Me quedé congelada en el sitio. Él también lo hizo durante un instante, luego reaccionó y reemplazó la expresión de sorpresa por otra de determinación. Se acercó hasta los restos esparcidos por el suelo y se puso de cuclillas para examinarlos, luego empezó a hacer sortilegios no verbales con la varita, concentrado, para sacar lo que había quedado debajo del bloque y restaurar un poco el resto.

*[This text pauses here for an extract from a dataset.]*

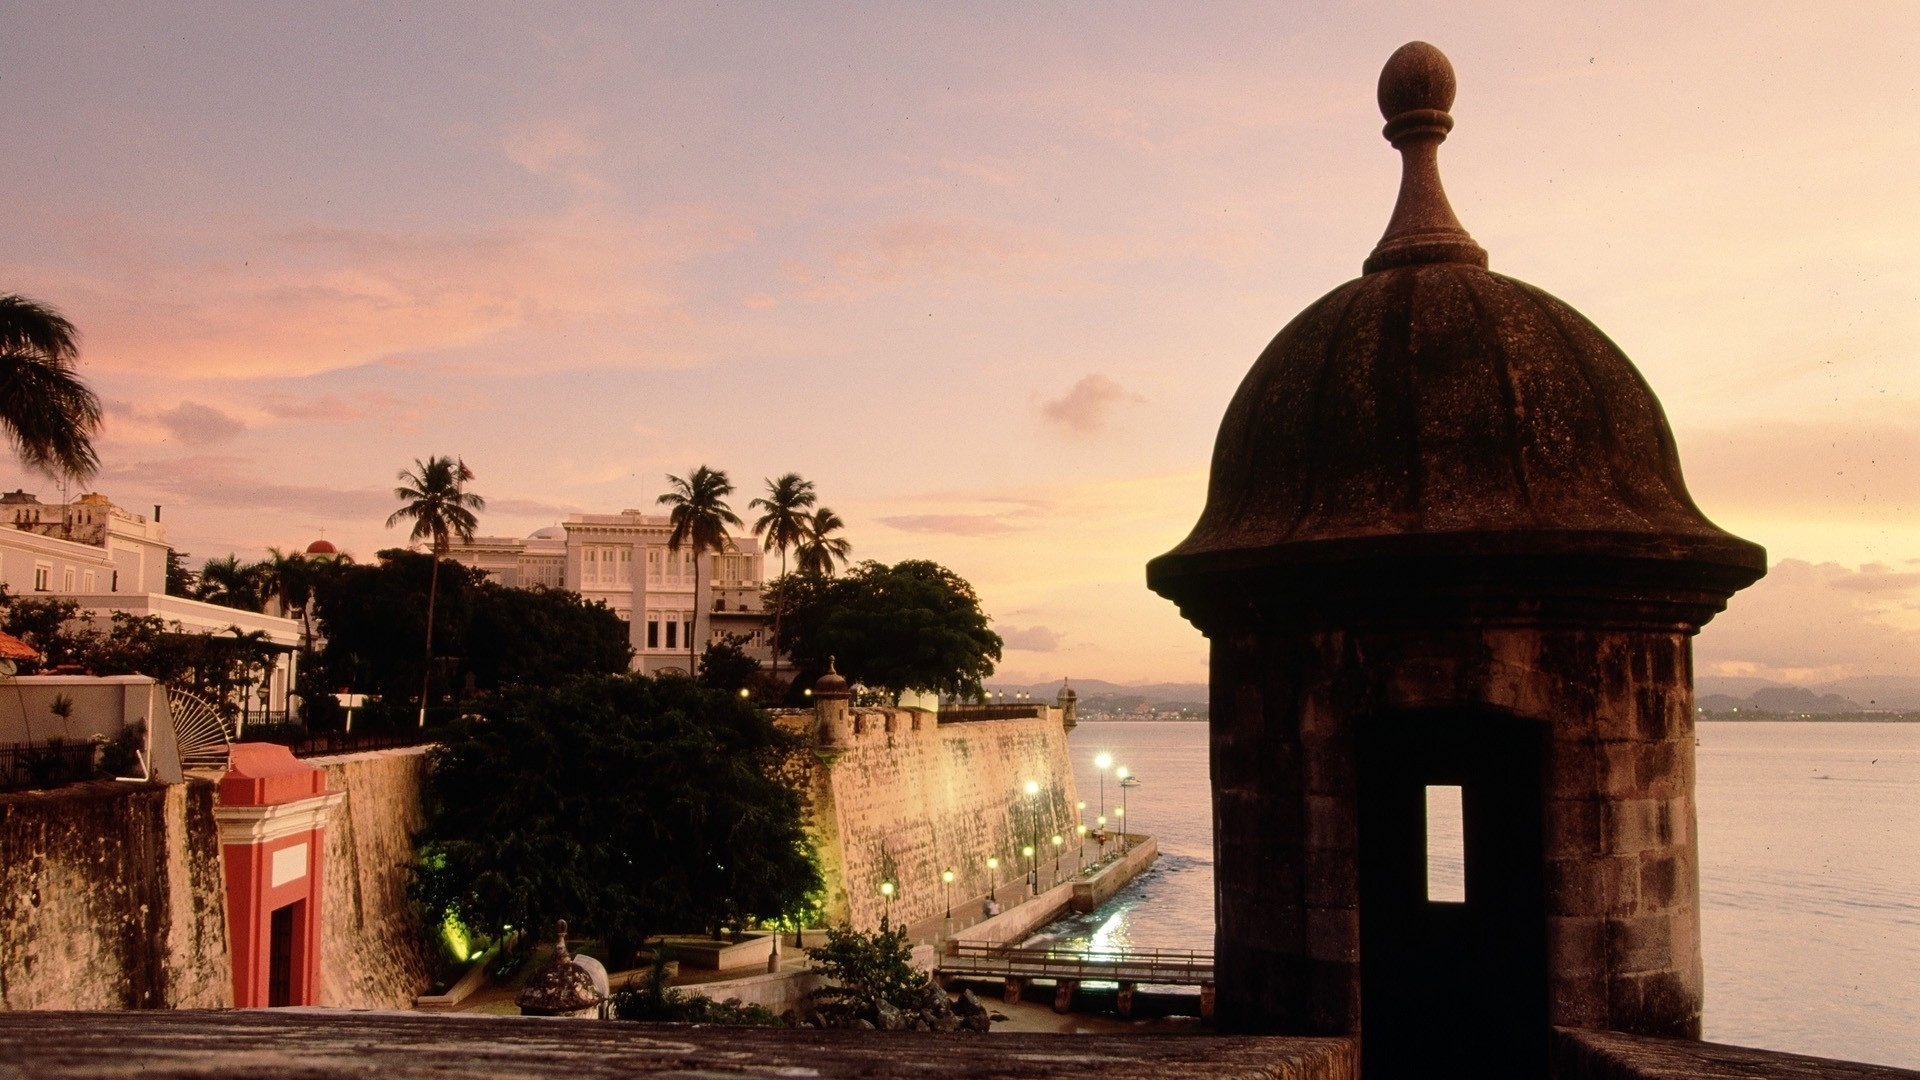 puerto rico san juan hd wallpaper | download free hd wallpapers

Yo me quede callada simplemente mirando horrorizada, ¡Había roto el reloj de puntos! ¡Justo antes de Navidad! Iba… ¡Todo el mundo iba a odiarme! ¿Y si por eso no se podía celebrar la copa de casas? ¿Podían expulsarme de la escuela por eso? ¿Qué iba a hacer si me expulsaban? Y todo porque era idiota y estaba estúpidamente encaprichada de Dumbledore y…

―Esto es todo lo que yo puedo hacer ahora, habrá que llevarlo a Hogsmeade ―afirmó incorporándose y sacándome de mis pensamientos, luego me miró. ―¡Hey! ¡Vamos! Pero no llores, que no pasa nada. ¡Si ha sido mi culpa! ―dijo abrazándome por los hombros y estrechándome contra si para reconfortarme, yo me tense un poco y me limpié los ojos. ―Ya está casi arreglado y sé cómo hacerlo, pero yo solo no puedo componerlo lo bastante rápido, así que vamos a llevarlo a Dervish y Banges y seguro que para la hora de la cena ya está todo solucionado. ¿Vale? ―me sonrió, yo me sentí un poco mejor.